PROVIDED ENTRIES:
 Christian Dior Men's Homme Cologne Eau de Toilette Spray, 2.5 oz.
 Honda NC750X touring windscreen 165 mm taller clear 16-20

---

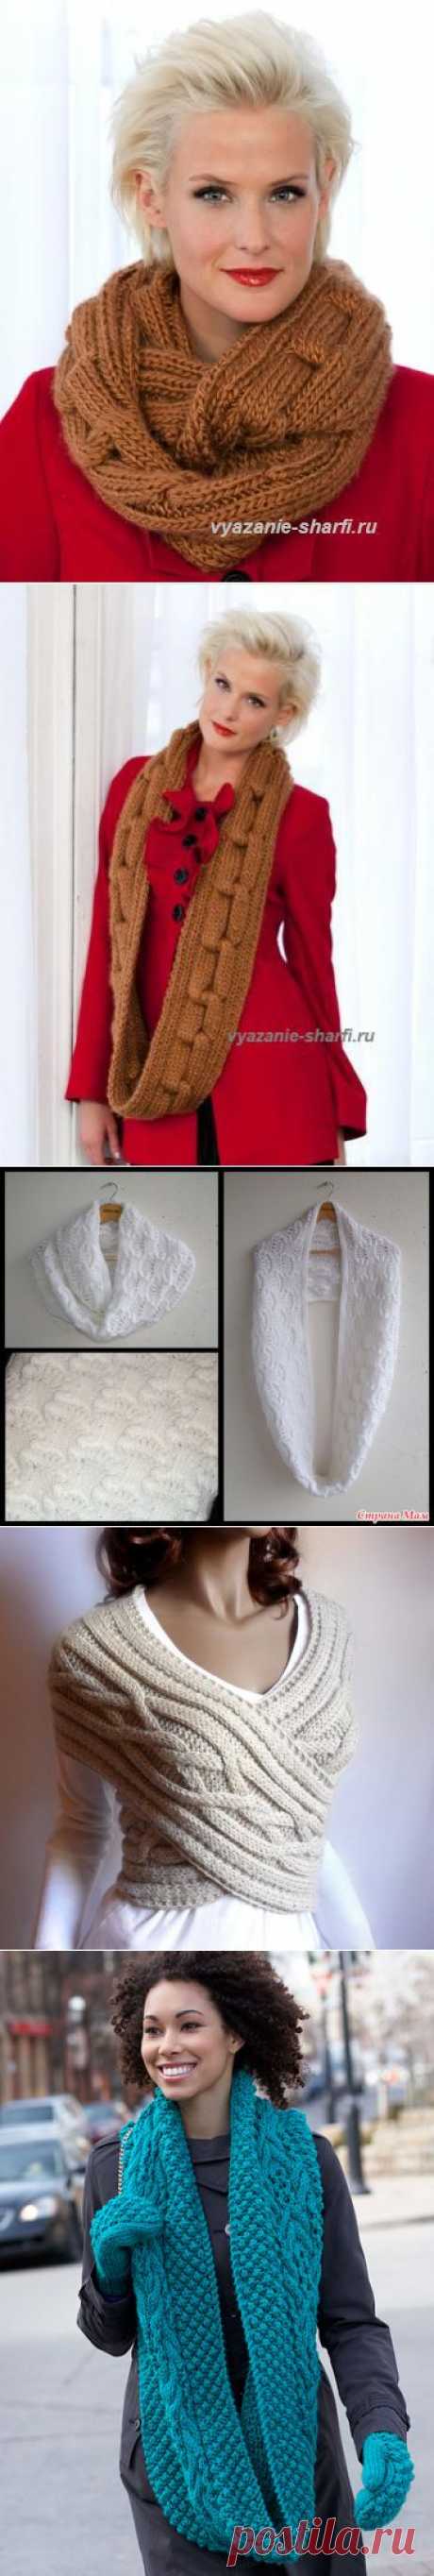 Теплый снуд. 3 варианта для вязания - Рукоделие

TASK: Copy out the range of lines above starting at the line with "Christian Dior Men's" and ending at the line with "Honda NC750X touring", exactly and including both.

ANSWER SECTION:
 Christian Dior Men's Homme Cologne Eau de Toilette Spray, 2.5 oz.
 Honda NC750X touring windscreen 165 mm taller clear 16-20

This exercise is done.